*RECORDED DATA*.
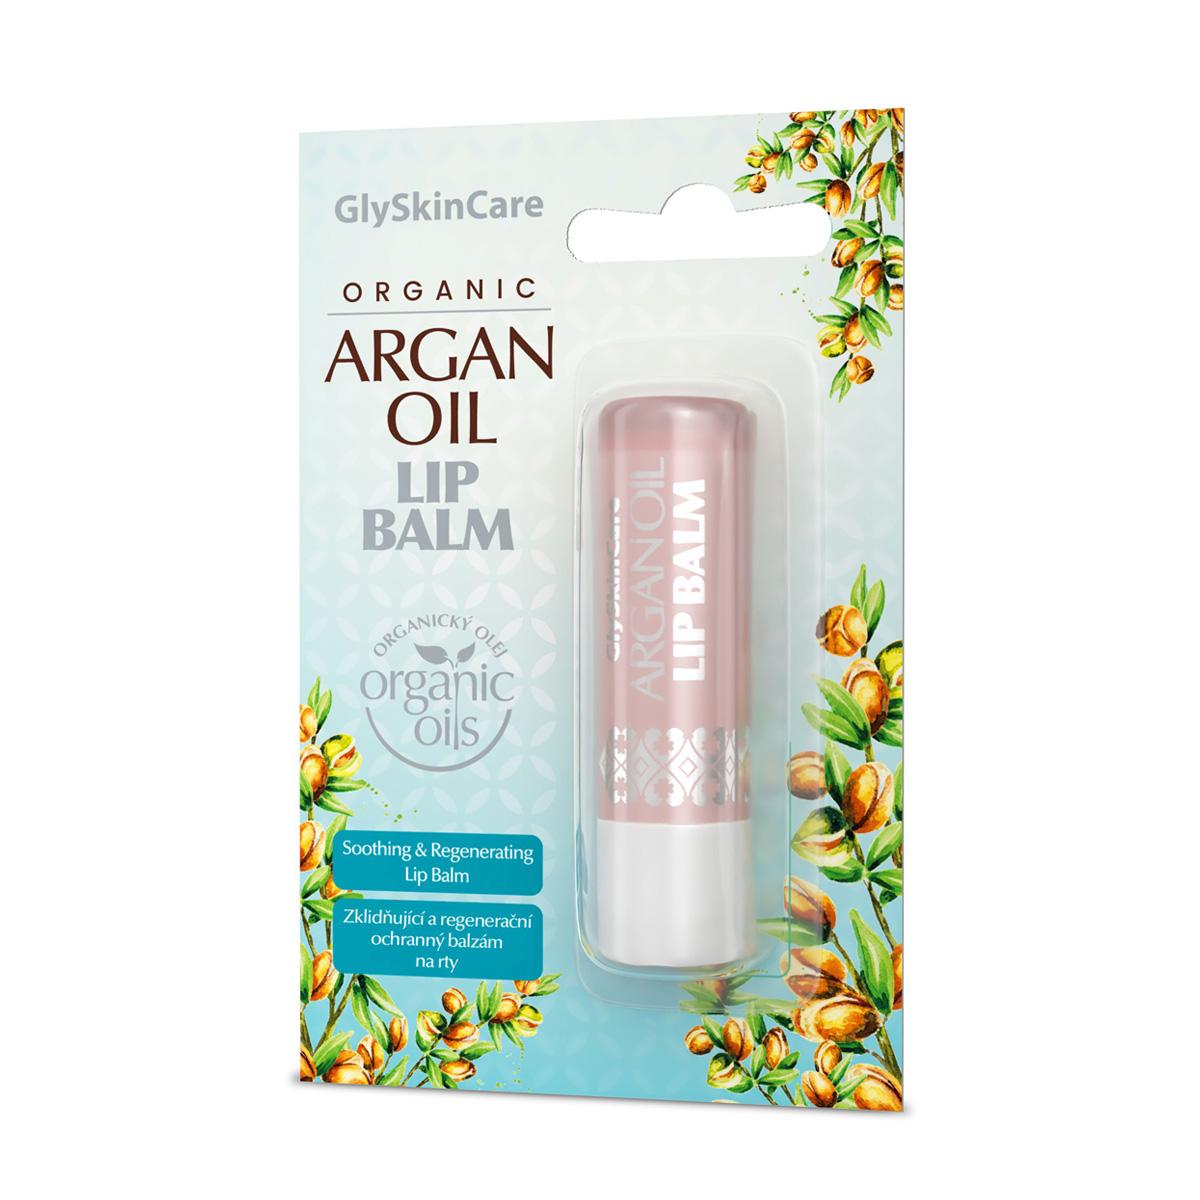 Biotter Balzám Argan Oil Lip Balm 4,9 g
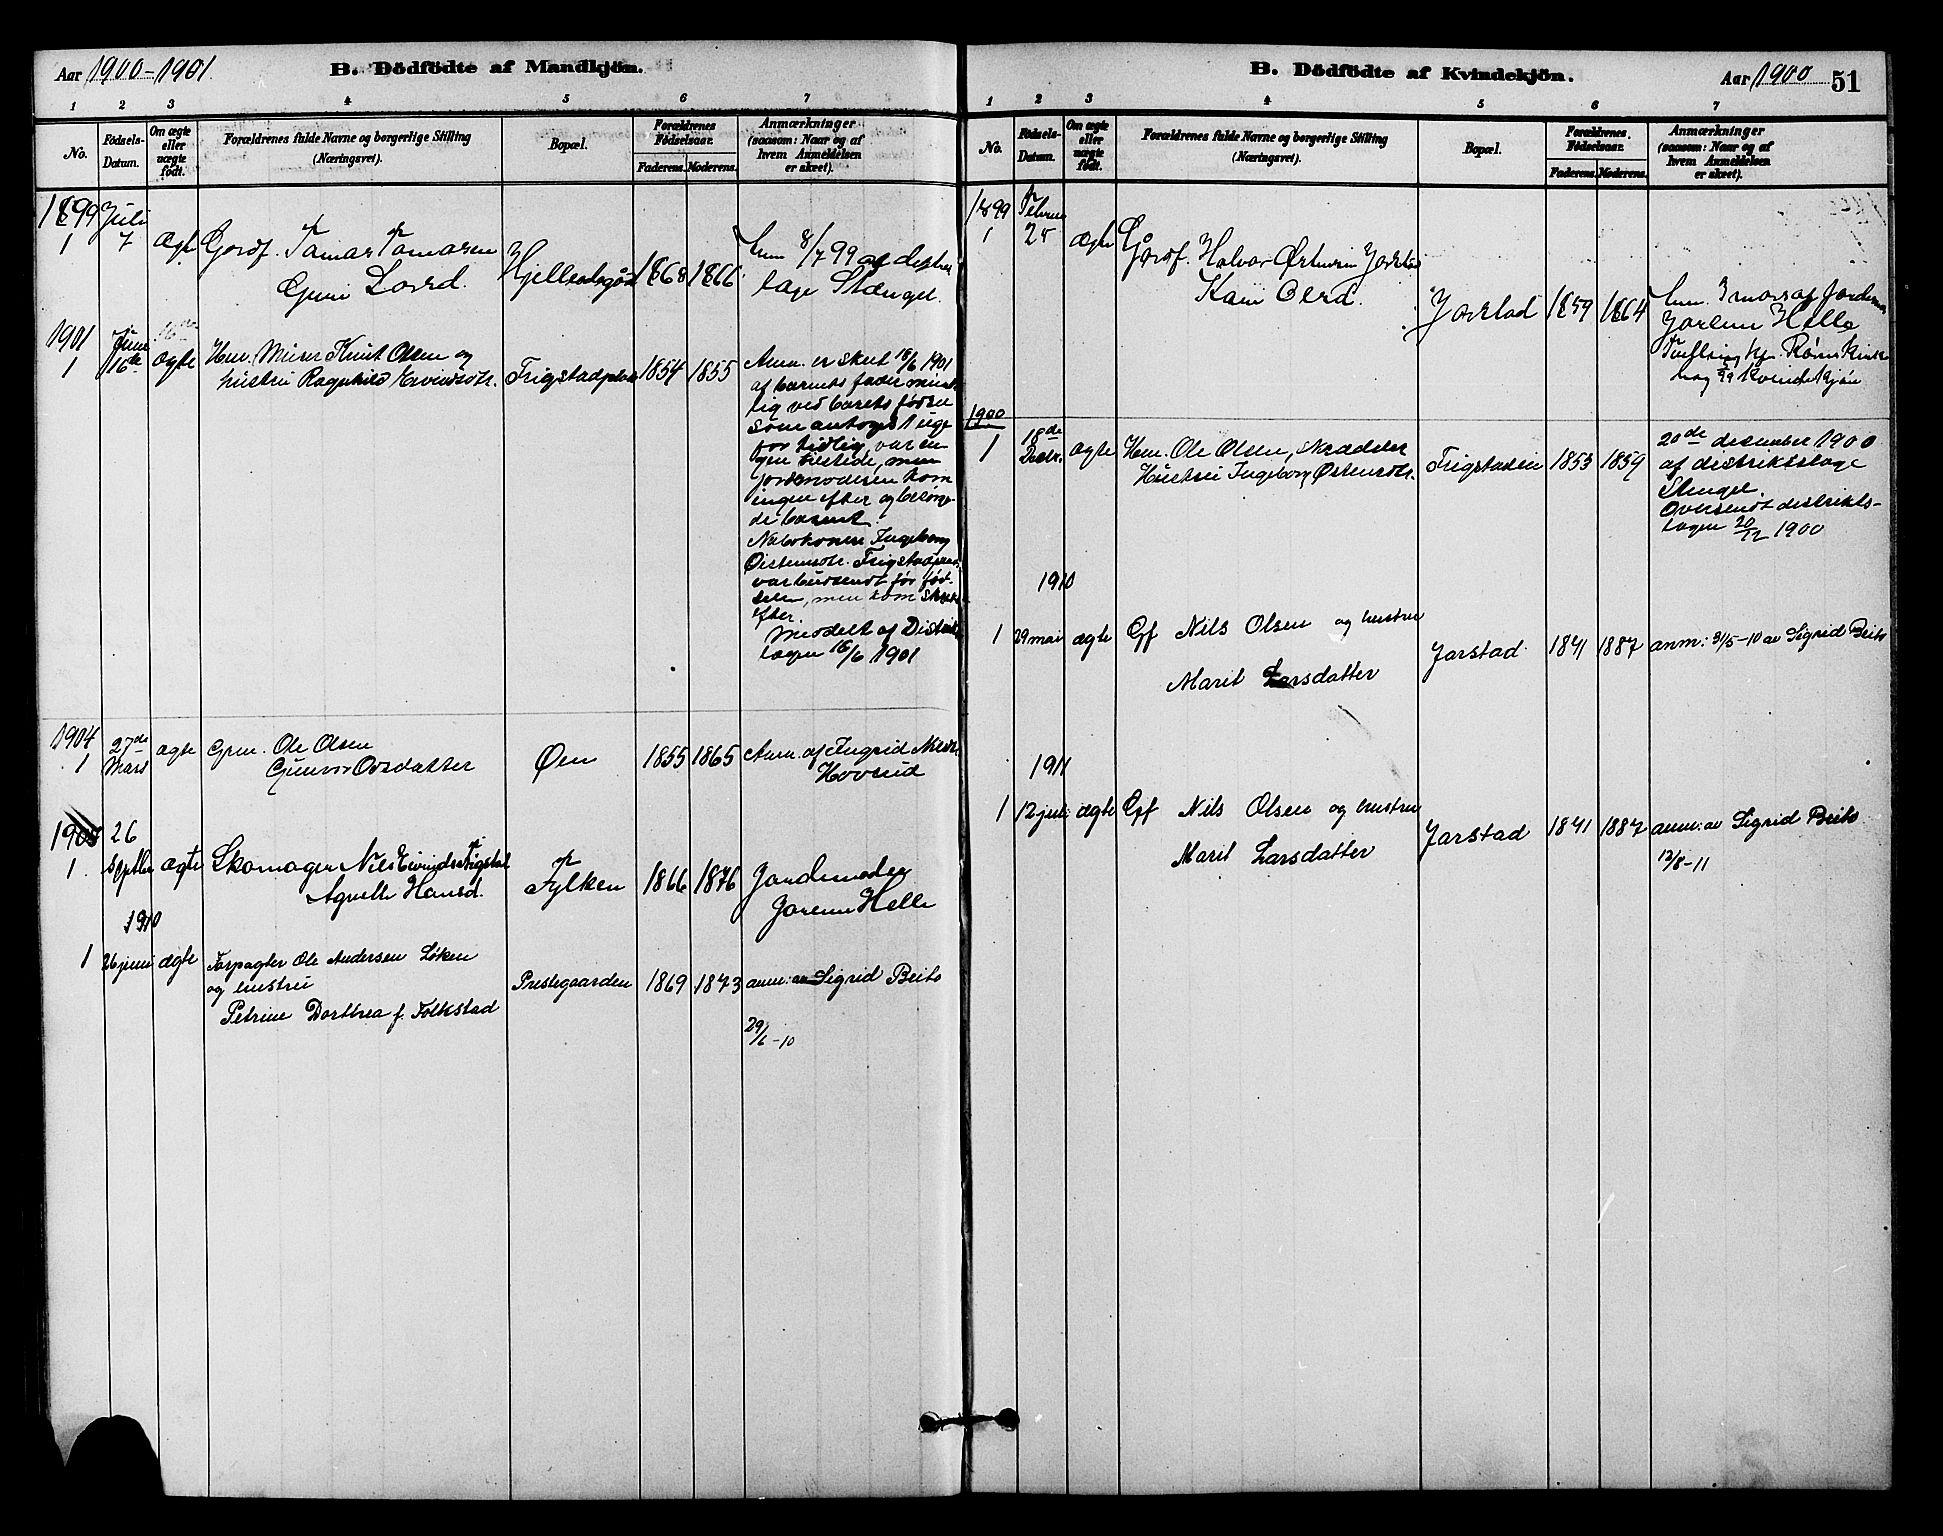 SAH, Vestre Slidre prestekontor, Klokkerbok nr. 4, 1881-1912, s. 51
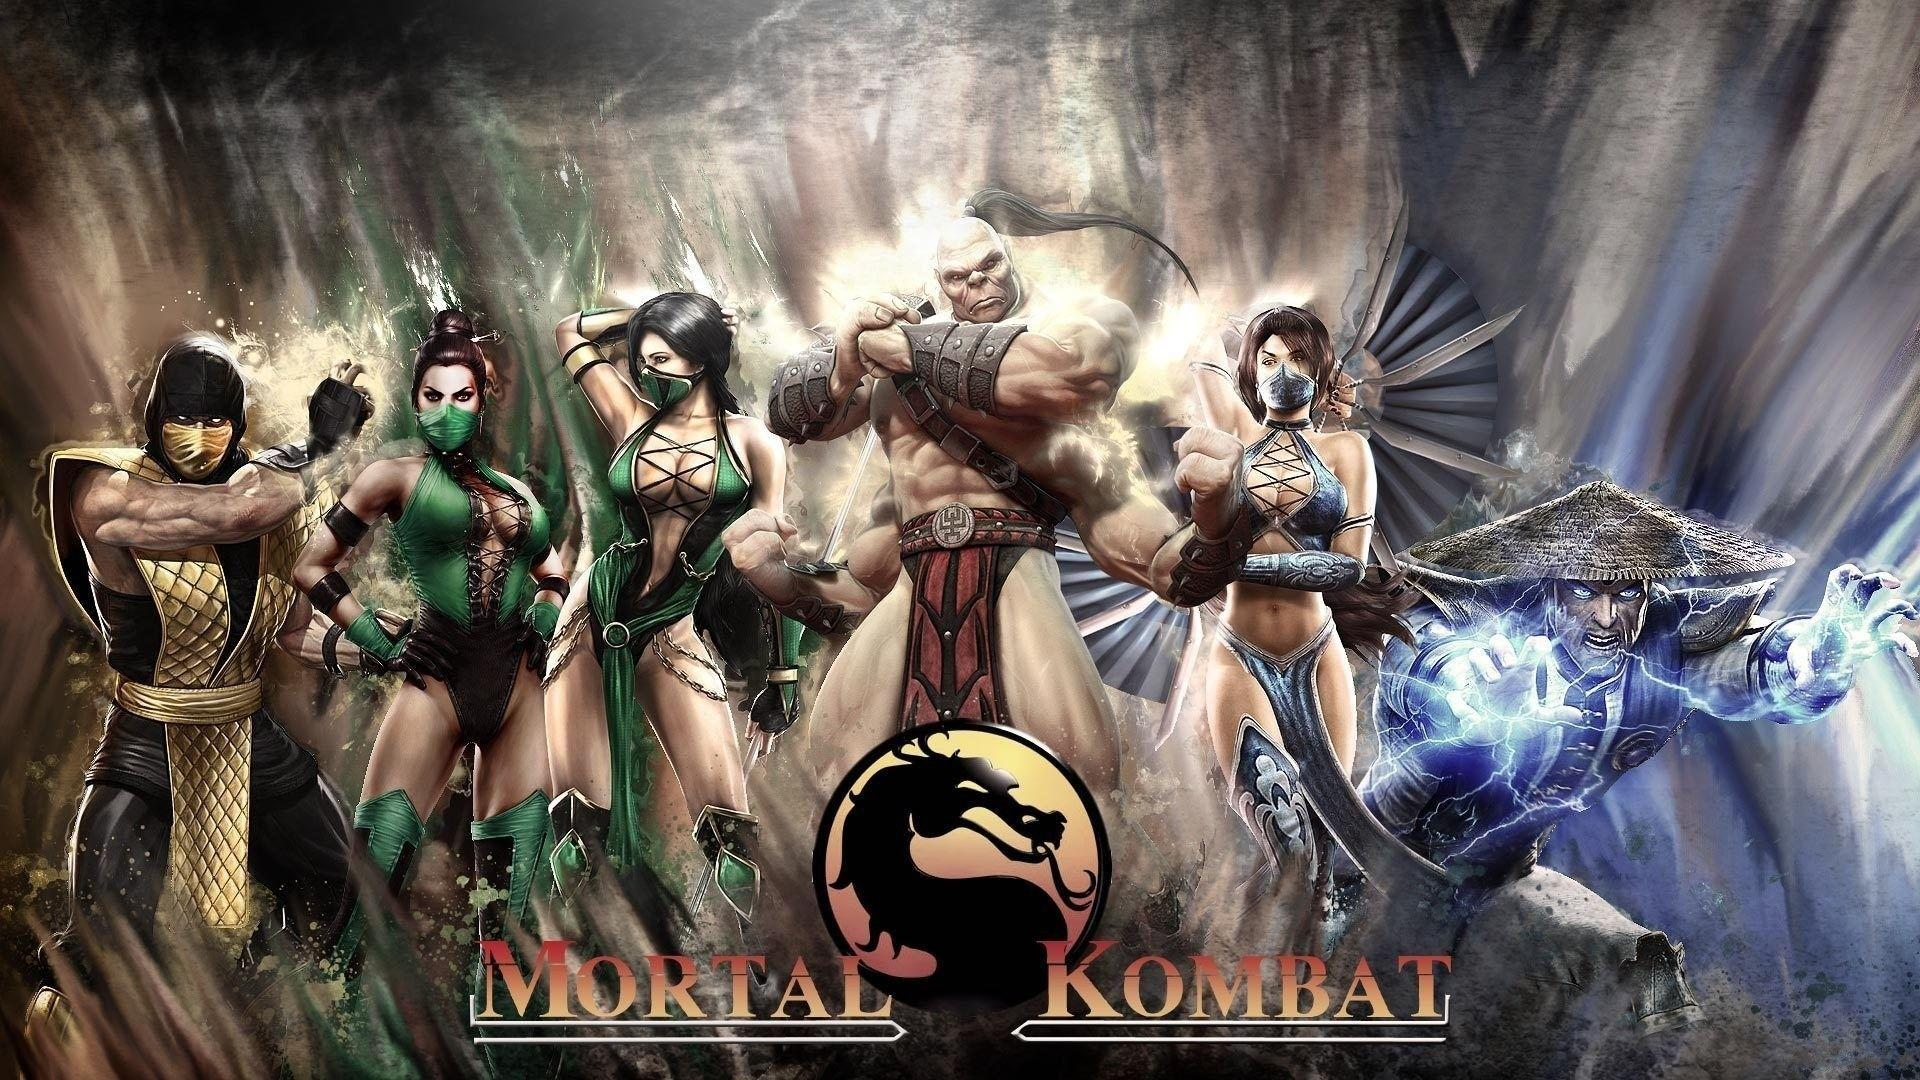 Mortal Kombat 9 Characters Wallpapers - Wallpaper Cave
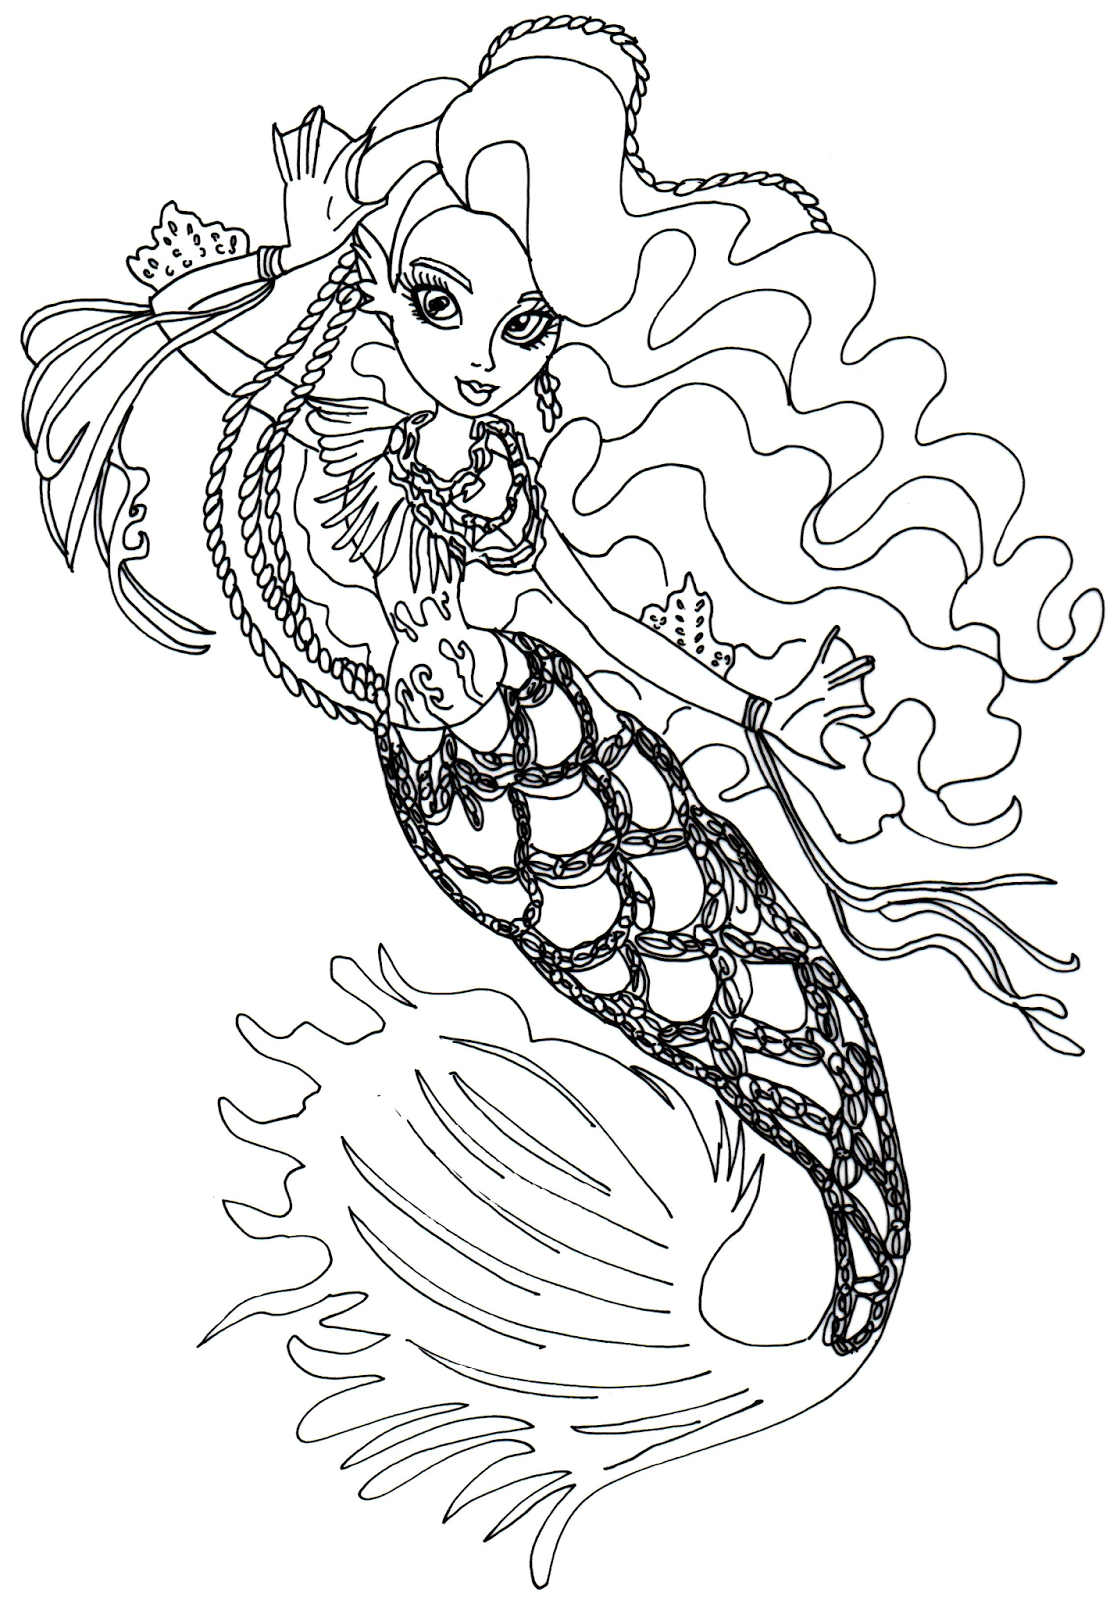 Monster High Free Printables   Free Printable Monster High Coloring - Monster High Free Printable Pictures

*ASSIGNMENT*.
Please return the listing above exactly and leave every picture out.

*TASK ANSWER*.
 Biotter Balzám Argan Oil Lip Balm 4,9 g
 SAH, Vestre Slidre prestekontor, Klokkerbok nr. 4, 1881-1912, s. 51
 Mortal Kombat 9 Characters Wallpapers - Wallpaper Cave
 Monster High Free Printables   Free Printable Monster High Coloring - Monster High Free Printable Pictures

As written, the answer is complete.